A form is a means of soliciting and recording information. You can use forms like the one shown in Figure 1-8 to enter data faster and to reduce data-entry errors. Instead of entering all the information manually, which takes time, you or a data-entry clerk can choose entries from combo boxes, drop-down lists, and date pickers. Information you enter manually is more likely to be accurate because you choose it from prescribed lists instead of entering it yourself.
To create a form like the one shown in Figure 1-8, start by creating a template for your form and putting data-entry controls — the combo boxes, drop-down lists, and date pickers — in the form. To fill out a form, you create a document from the form template and go to it. These pages explain how to create a form and use forms to record information.
The first step in creating a data-entry form is to create a template for holding the form. After that, you design the form itself by labeling the data fields and creating the data-entry controls. Better keep reading.
Follow these steps to create a new template:
On the File tab, choose Save As.
You see the Save As window.
Click the Browse button.
The Save As dialog box opens.
Enter a descriptive name for your template and click the Save button.
Word stores your template in the Default Personal Templates Location folder. Chapter 3 of this minibook explains templates in detail, as well as where this folder is located.
Your next task is to create the form and data-entry controls for your template. Enter labels on the form where you will enter information. The form in Figure 1-8, for example, has five labels: Name, Phone, Fee Paid?, Association, and Date. After you enter the labels, follow these steps to create the data-entry controls:
Display the Developer tab, if necessary.
If this tab isn’t showing, go to the File tab, choose Options, and on the Customize Ribbon category of the Word Options dialog box, look for the Developer check box on the right side of the screen, select this check box, and click OK. (Book 9, Chapter 1 explains in detail how to customize the Ribbon.)

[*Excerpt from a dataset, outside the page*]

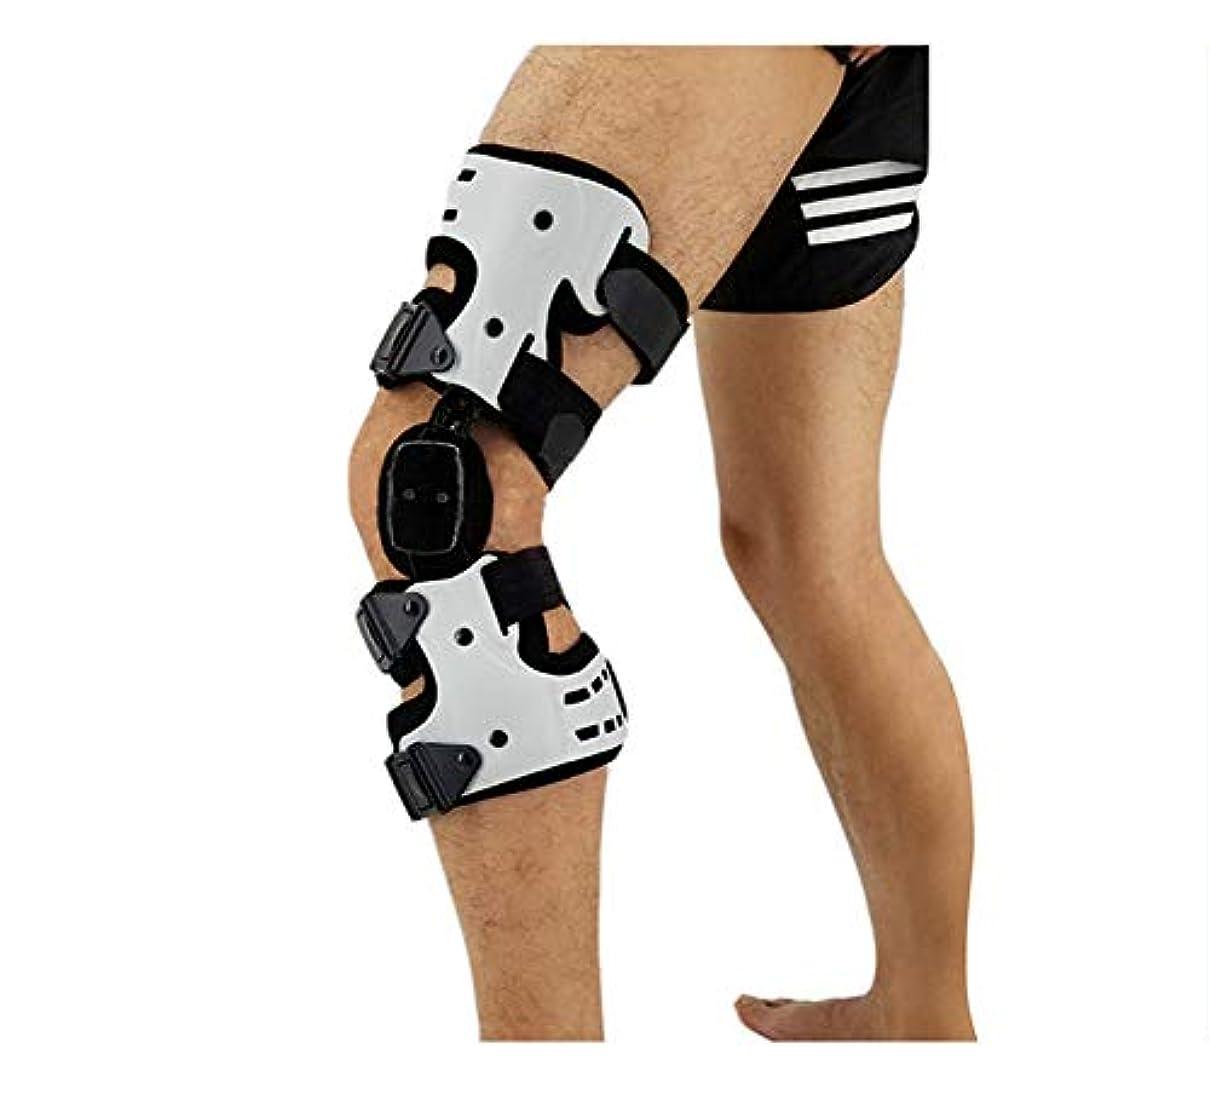 良心的ケーブルカー靴OA Unloader Knee Brace for Arthritis Pain、変形性関節症、膝関節の痛みと変性、ユニバーサルサイズ、右内側,Right

Click where you want to place a control, and then create the control by clicking a Controls button followed by the Properties button on the Developer tab.
Here are instructions for creating three types of controls:
Click the Save button to save your template.

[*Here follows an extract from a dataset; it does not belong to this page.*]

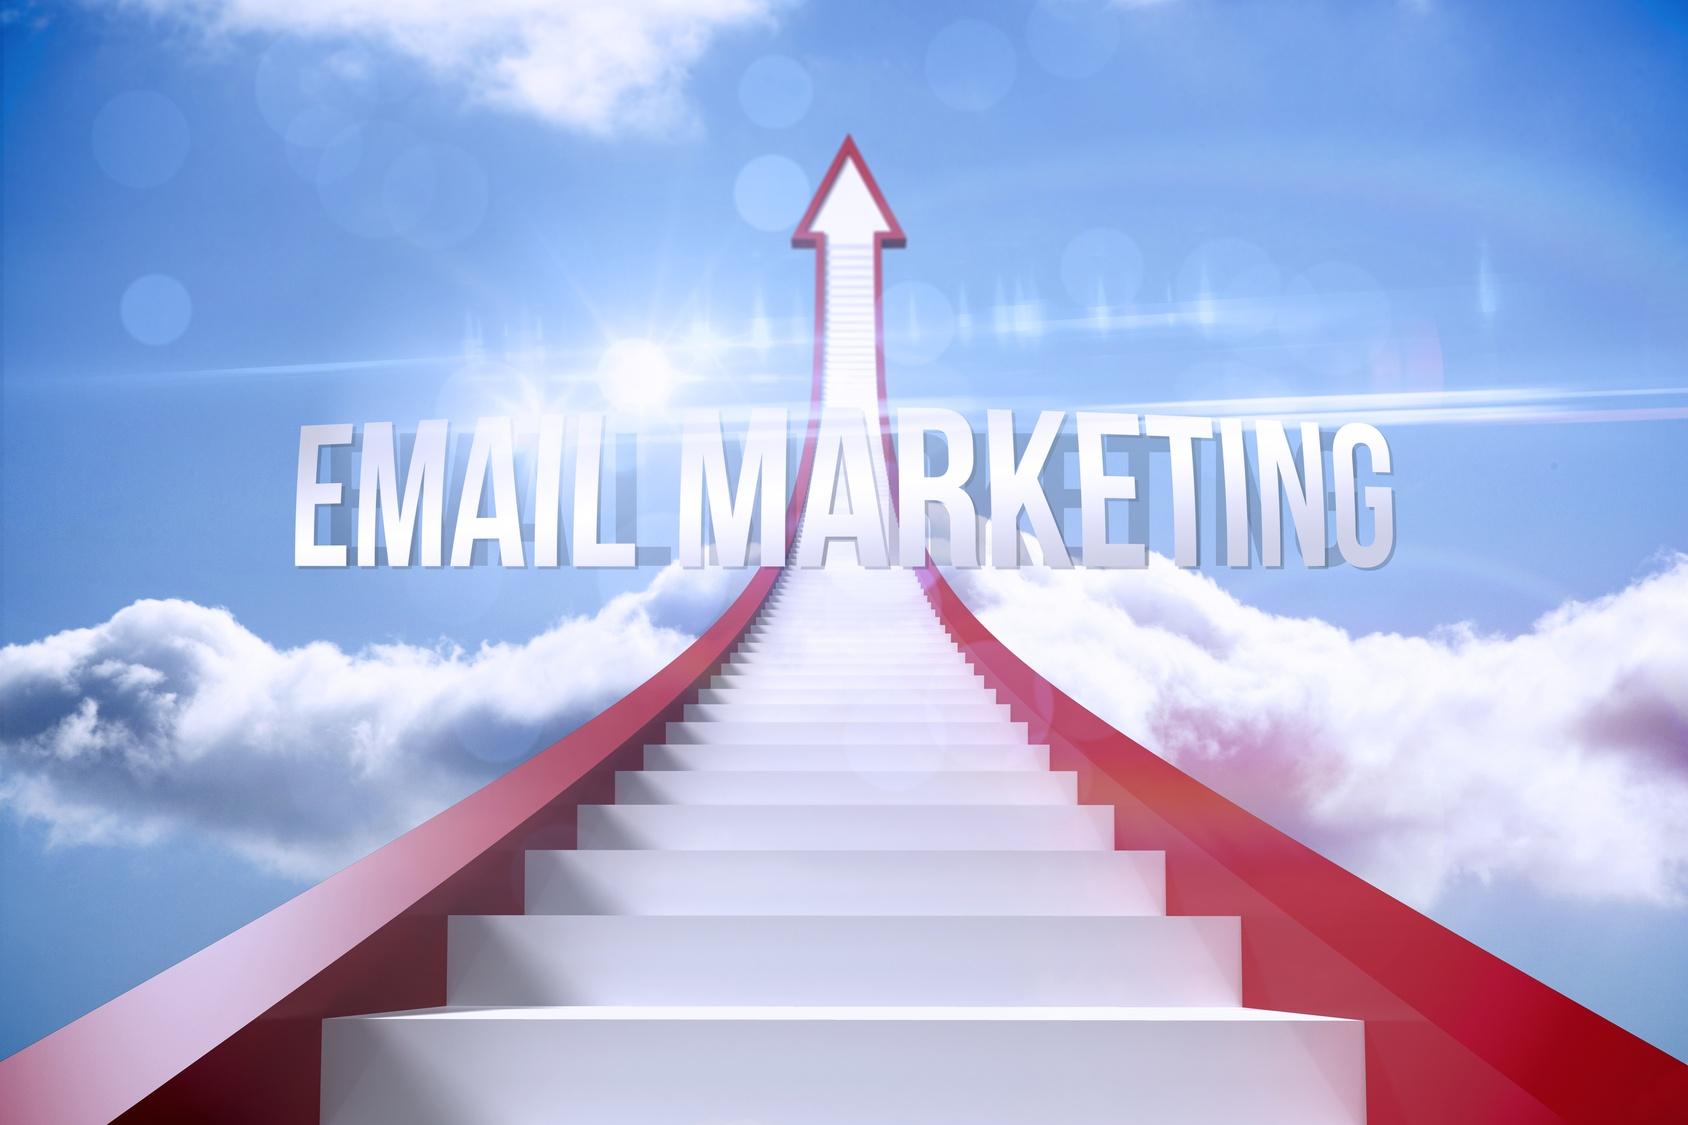 Z email marketingom do večje prodaje

Now you’re ready to use your newly made form to enter data.
Now that you have the template, you or someone else can enter data cleanly in easy-to-read forms by following these steps:
On the File tab, choose New.
You see the New window.
Click the Personal tab.
This tab lists templates stored on your computer.
Double-click the name of the template you created for entering data in your form.
The form appears.
Enter information in the input fields.
Press the up or down arrow, or press Tab and Shift+Tab to move from field to field. You can also click an input field to move the cursor there.